Тяжелый песок.

7.

В двадцать шестом году, а может быть, несколько позже из Швейцарии приехали бабушка и дедушка Ивановские.

В СССР приезжало много иностранцев, много специалистов — наступала первая пятилетка. Кроме того, страна нуждалась в валюте и поощряла иностранный туризм. Именно в качестве туристов и явились дедушка и бабушка Ивановские.

Дедушка Ивановский — плотный старик, гладко выбритый, с сигарой в зубах. У нас сигара редкость, до войны курили папиросы, после войны перешли на сигареты, впрочем, не все, я, как видите, продолжаю курить «Беломор». Но сигары у нас не привились, и если попадется такой чудак и я слышу запах сигары, то вспоминаю дедушку Ивановского.
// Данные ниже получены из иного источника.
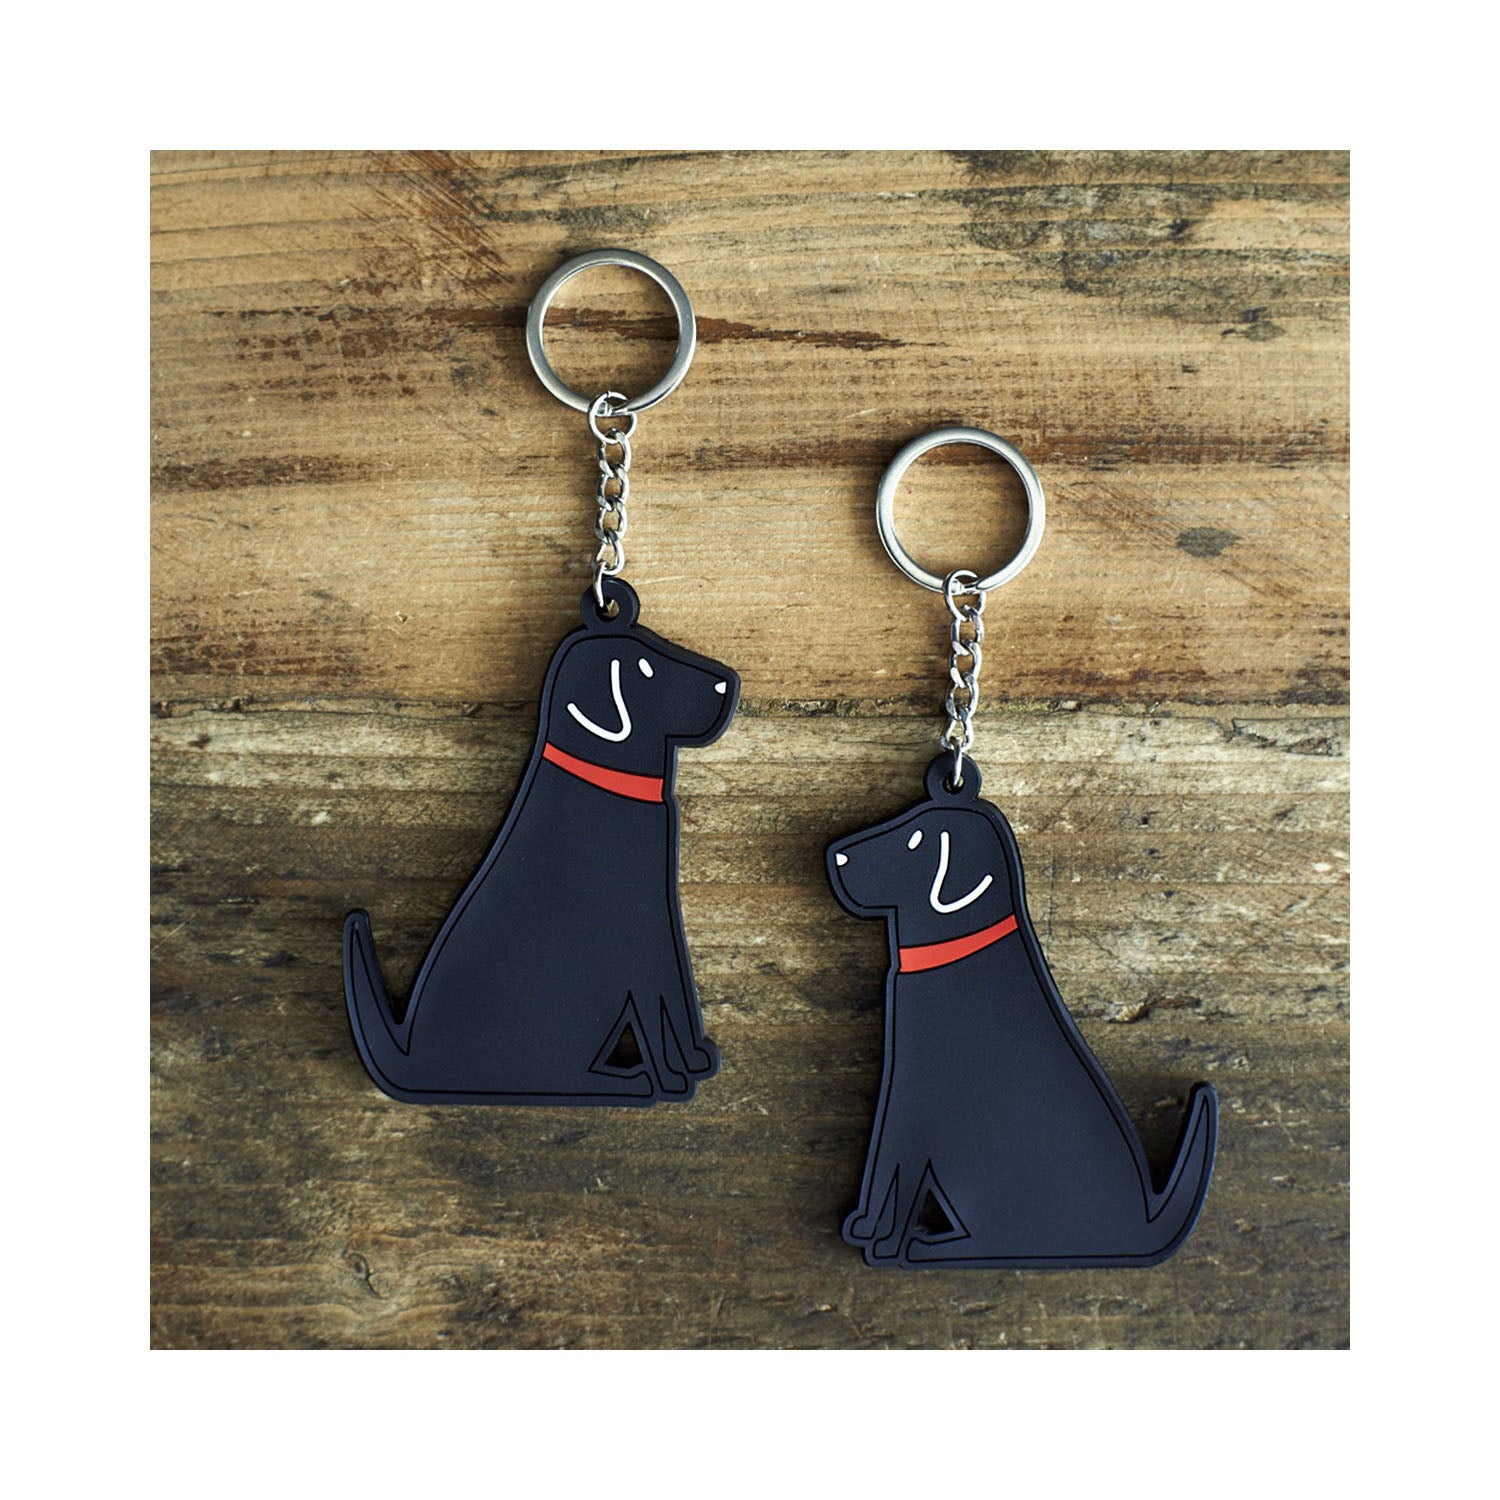 Dog Lover Gifts available at Dog Krazy Gifts - William The Black Labrador Keyring by Sweet William - part of the Labrador collection of Dog Lovers Gifts available from Dog Krazy Gifts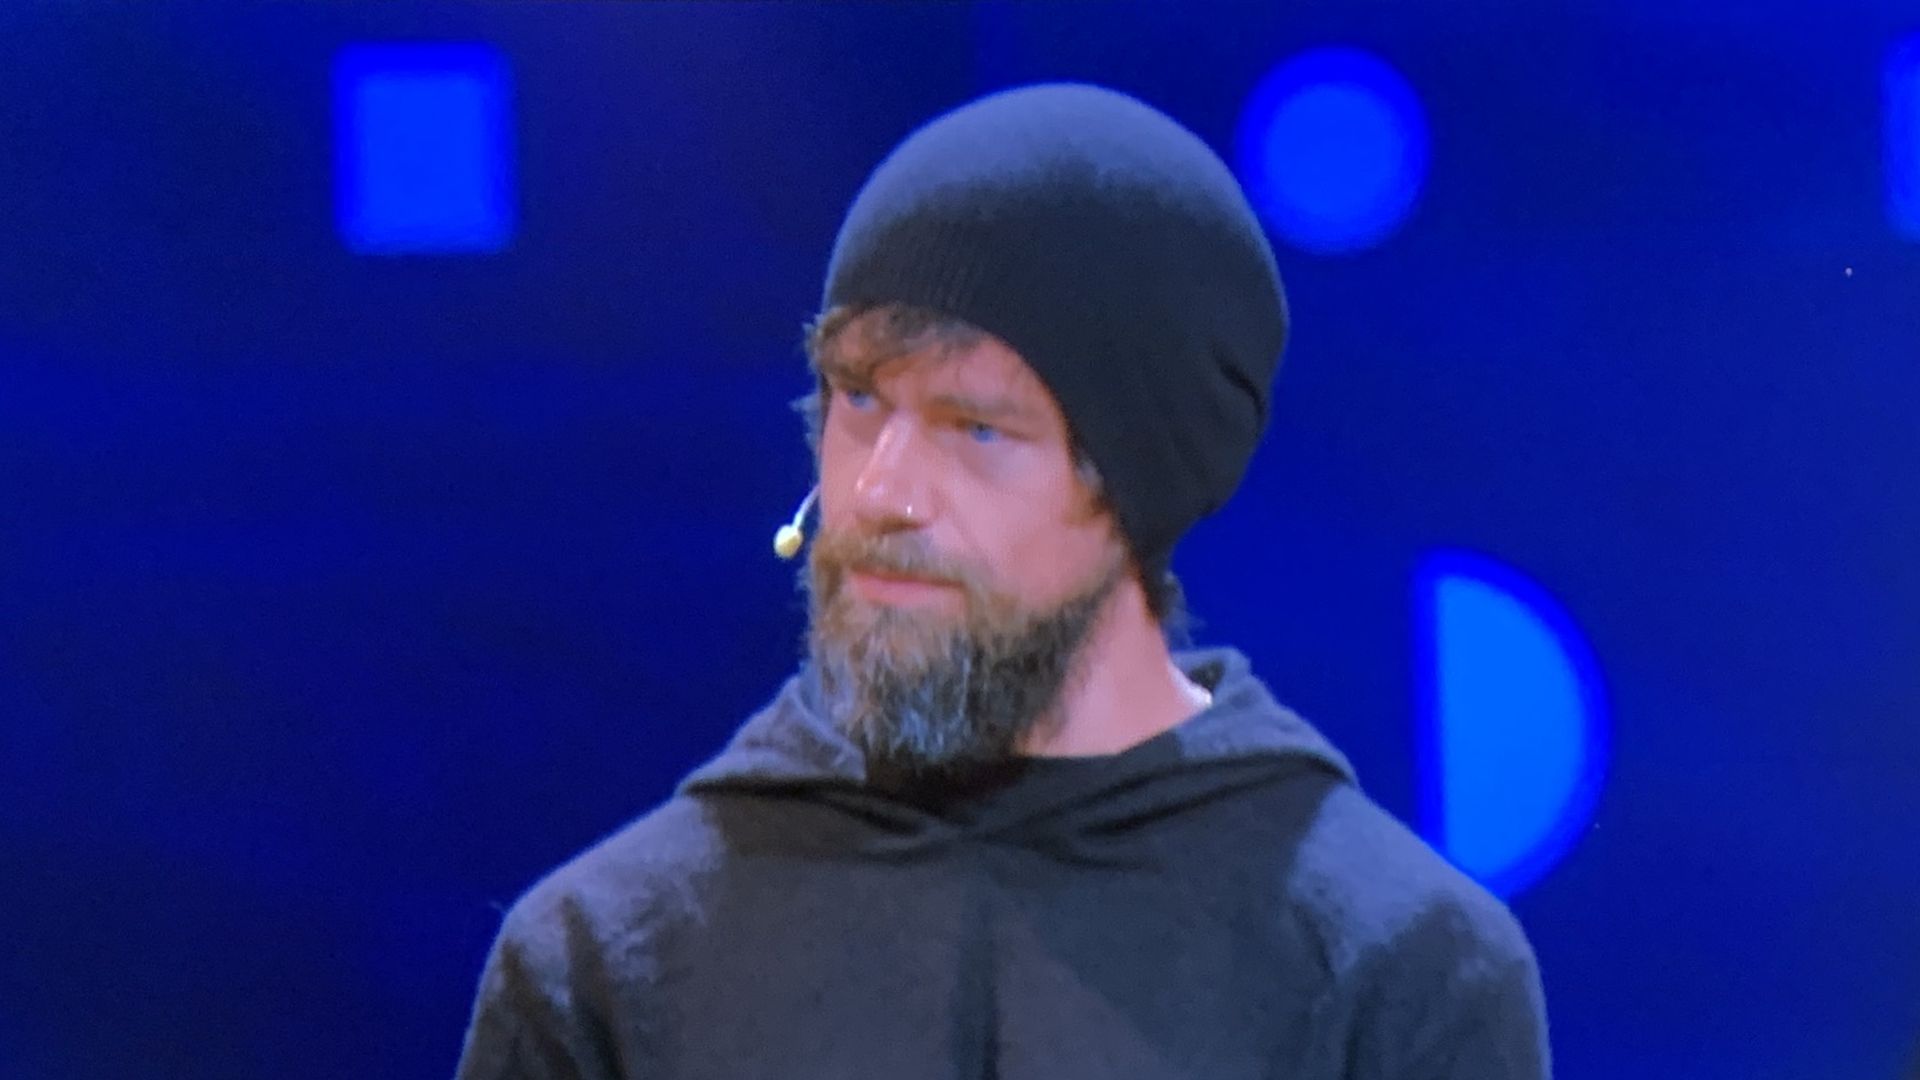 Jack Dorsey speaking at TED2019.

А бабушку вспоминаю, когда вижу старушек, перебирающих по части косметики, она тоже этим грешила.

Их приезд не произвел на этот раз такого фурора. Время другое, город другой, люди другие, никакими швейцарцами не удивишь. Даже родственники не слишком интересовались их приездом, понимали, что Ивановские приехали повидать сына.

И моя мама не пожелала устраивать показуху. В доме было, как всегда, чисто, все блестело, ради гостей постаралась насчет пищи, а готовить она умела.

Привезли они подарки, сувениры, и все же чужие люди, что там ни говорите, два мира, они не понимали нашей жизни, мы не знали их жизни. Бабушка даже не могла толком понять, чем папа занимается, мелкий служащий при сапожном деле… И хотя открыто претензий не высказывала, но винила во всем мою мать — увезла его из Базеля, винила нас, детей, — камнем висим на его ногах. Я иногда ловил ее взгляд, она смотрела на нас с удивлением: что, мол, это за дети, кто они ей и кто она им? Она ни разу не прикоснулась к нам, я уже не говорю, поцеловала, об этом и речи быть не могло. Даже имен наших не могла запомнить, девочек еще различала, их было всего две, но мальчиков путала; раздавая подарки, вынимала их из баульчика, на взгляд прикидывала, кому что, судила по росту, и на этом наше с ней общение кончилось.

Безусловно, маму не могло не задеть бабушкино отношение к внукам, и какую мать это может не задеть! Особенно ее оскорбляло бабушкино равнодушие к маленькой Дине. Забыл вам сказать, что незадолго до приезда стариков Ивановских, за год или за полтора, родилась наша младшая сестра Дина. Пять лет не было детей, думали — все, и вот пожалуйста! В двадцать пятом году родилась Дина. Значит, я сказал вам неправильно: Ивановские приезжали не в двадцать шестом, а в двадцать седьмом, наверно.

У вас есть дети? Знаете, что такое новорожденный? Комочек жизни, крошечный, сморщенный… Дина родилась с густыми черными волосами и с глазами синими, как синее небо. Представляете себе? Большая семья, взрослые дети, и тут такая девочка, такое маленькое чудо, бегает, падает, поднимается, лепечет всякие детские слова, все в ней души не чают, дедушка Рахленко не спускает ее с колен, она теребит его за бороду, все говорят: «Копия — мать, копия — Рахиль в детстве». И дедушка Ивановский от нее в восторге. Но бабушка Ивановская даже не посмотрела на Дину.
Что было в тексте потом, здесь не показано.